初めの2行で現状把握の意味について記述されていますが、校長として、把握の視点と方法から述べたい。把握に際しては、「チームとして活用できる資源の把握、校内が持つ強みは何か、学校外の持つ強みは何か」「どんなチームが必要か」「チーム力発揮に何が必要か」等が考えられます。把握の方法では、考えを聞く、調査する、直接出向くなど具体的に述べたい。

〈柱2について〉

・内容が網羅的な印象を与えます。
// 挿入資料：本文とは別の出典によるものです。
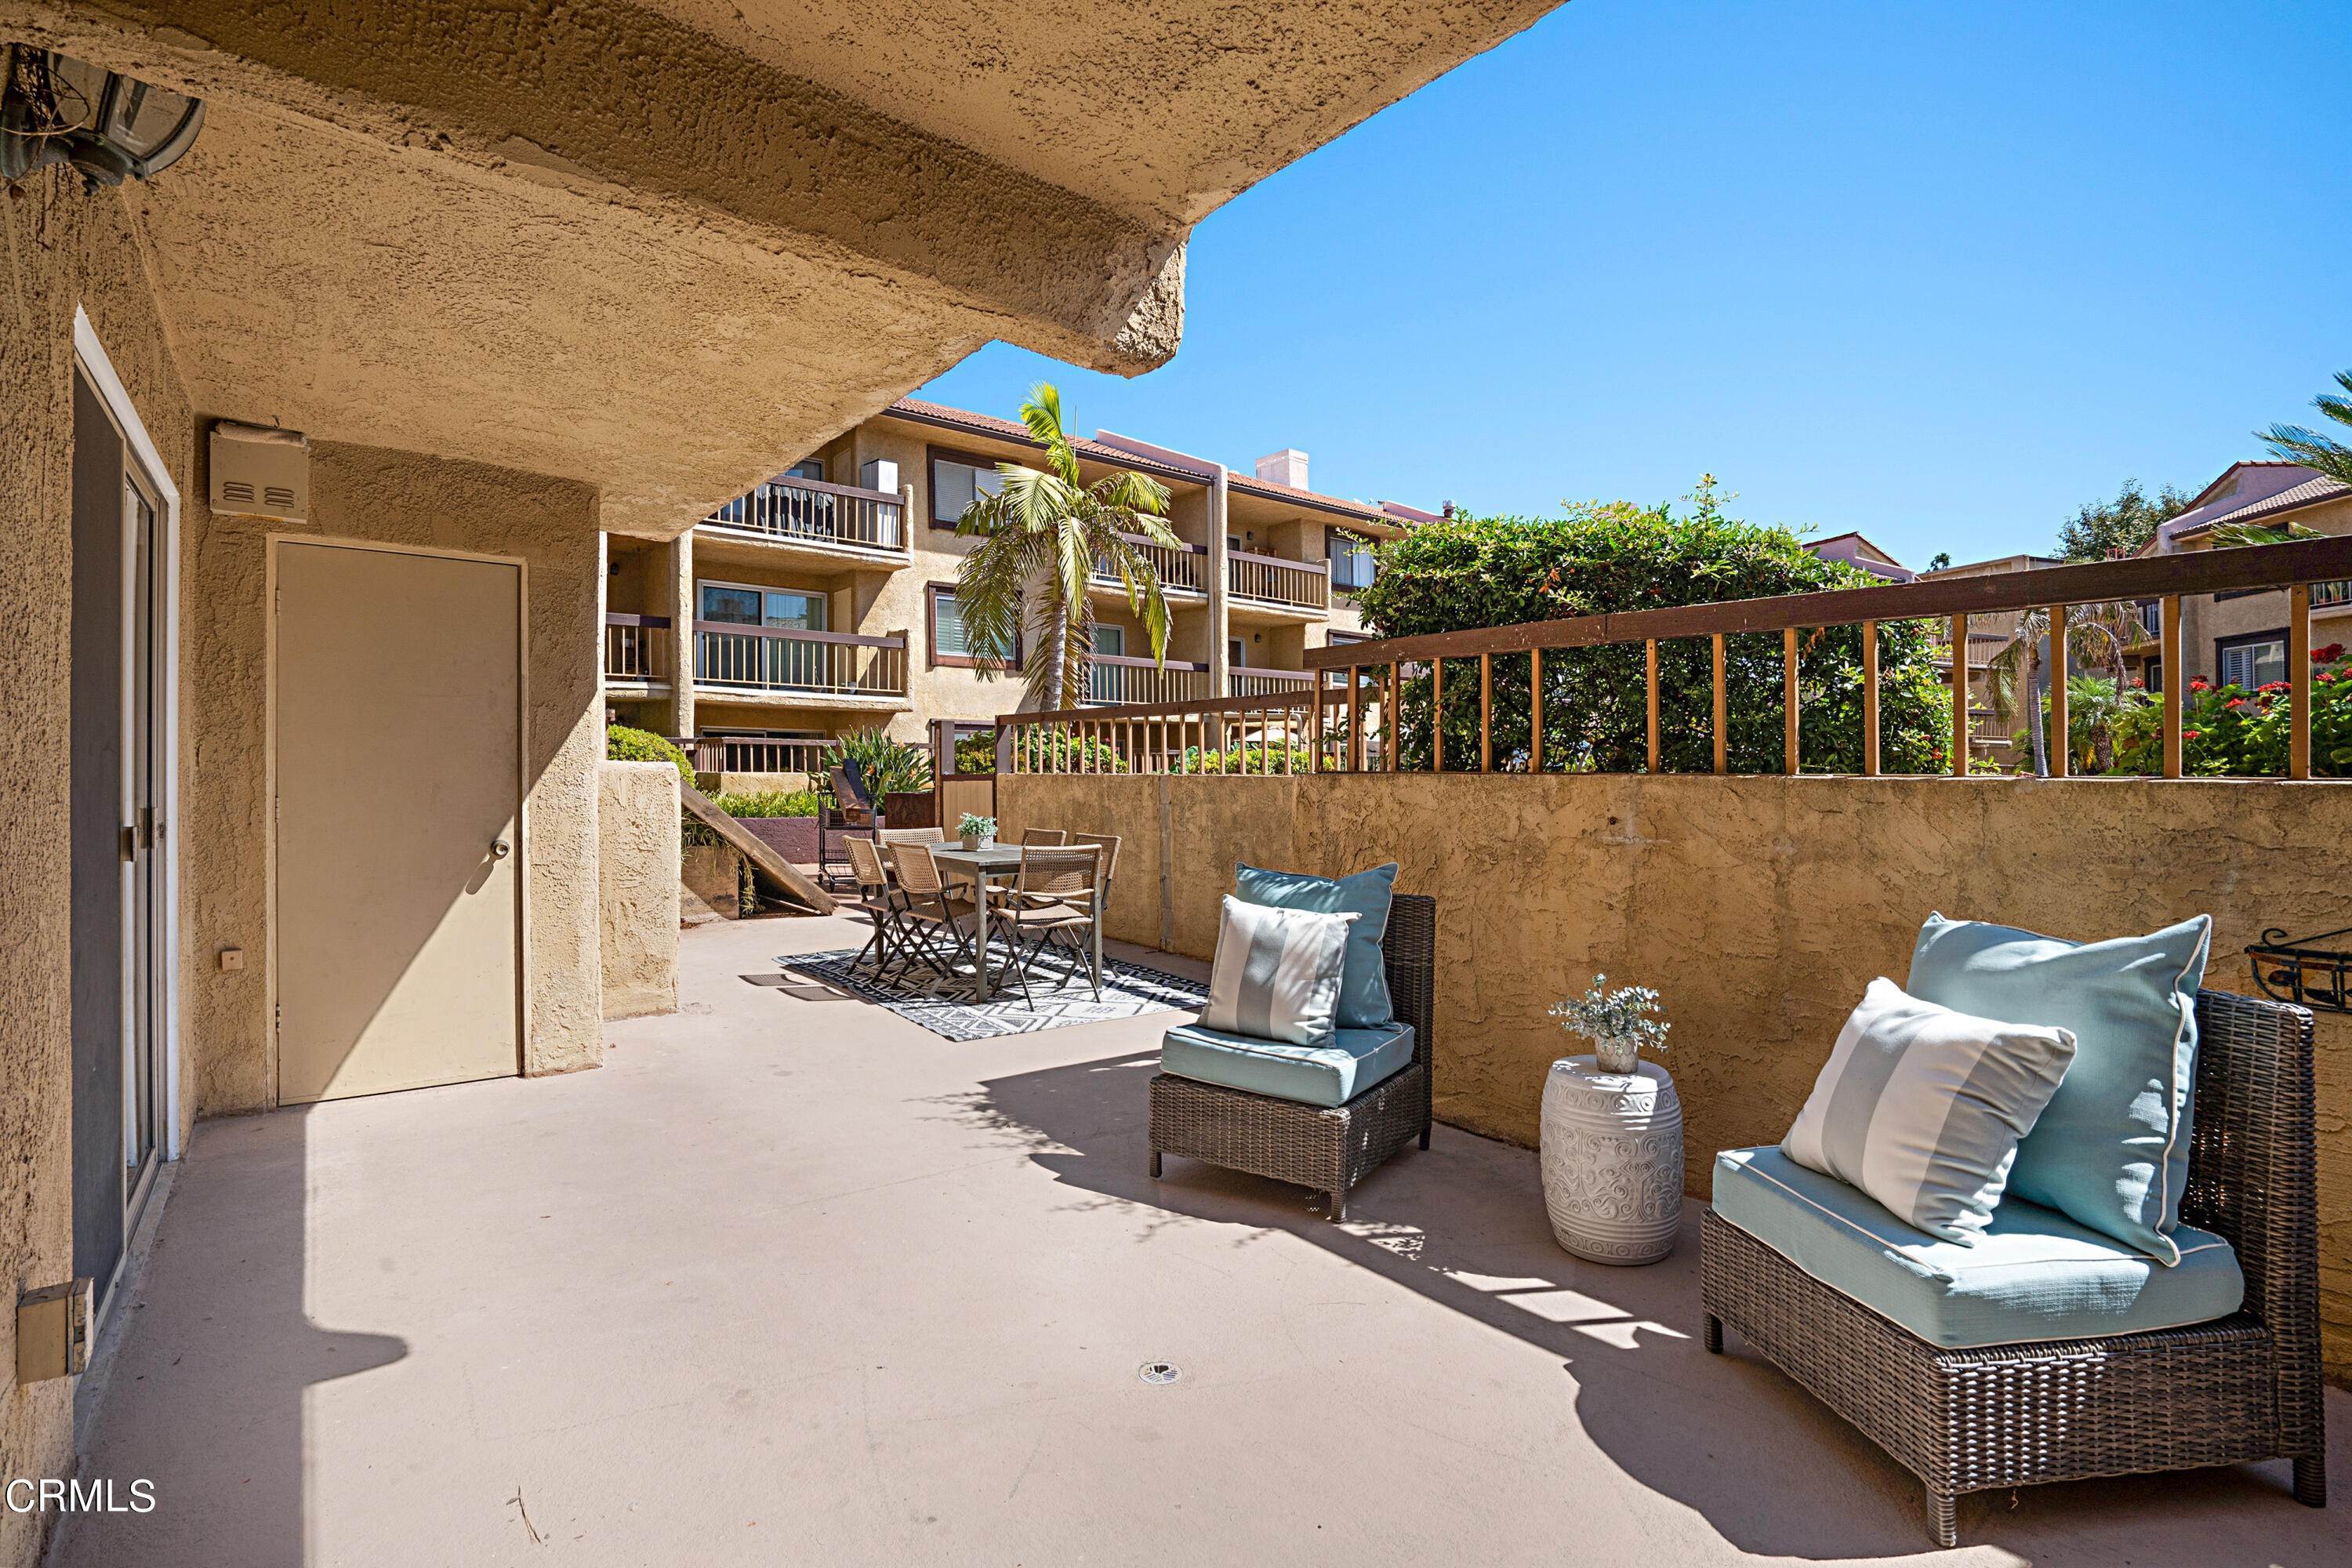 29. Condominiums for Sale at 3481 Stancrest Drive 115 #115 3481 Stancrest Drive 115 Glendale, California 91208 United States

校長としての具体的な取り組みはいくらでも出てきます。必要な体制を絞り込んで、どんな点に留意して、どんな手順・方法で体制を構築するかを端的に述べるとよいでしょう。校長として、一番悩み、工夫しなければならないところです。児童生徒の成長のために、学校内あるいは学校外を含めたどんなチーム力(学校の持つ総合的な力)を活用すべきかを想定することです。あなたのチーム学校のイメージを明確にし、特徴ある取り組みを論じたいものです。その点で、業務内容と人との記述は、例示的に1・2に抑えて取り組みを強調したい。その方が、あなたの考え方や取り組み姿勢が評価者に伝わると思います。

〈柱3について〉

・「教員…学習環境づくりの整備」ではなく、「…職場環境づくり」ではないでしょうか。

・教職員の多忙化や負担軽減も大きな課題です。他方、充実した教育活動の推進に一人ひとりの力が発揮できる校内の仕組みやルールづくりなども課題です。一人の教職員の良い考えが生かせる工夫や教育実践に対する指導・助言やフォロー体制をつくるのに何をするのか、重点的に述べましょう。校長の「常に児童生徒を中心に物事を考える学校」との揺るぎない姿勢や厳しい直接指導などにも言及するとよいでしょう。

▽結論について

・結論では全体を受け、さらに校長として、どうしていきたいのかという決意と熱意、そして指導力をどう発揮するかを示すべきです。読み手に「この人なら任せられる」というインパクトのある記述にしたいところです。その意味ではコンパクトにまとめられているとは思いますが、序論が長かったせいで結論として独立させられなかったところは、体裁として後味が悪くなります。

・チーム学校を働かせるためには、校長の組織マネジメント力の有無が基本的に必要となります。結論にあたって、これら自分自身の課題の克服への決意などが述べられていると、熱意が伝わると思います。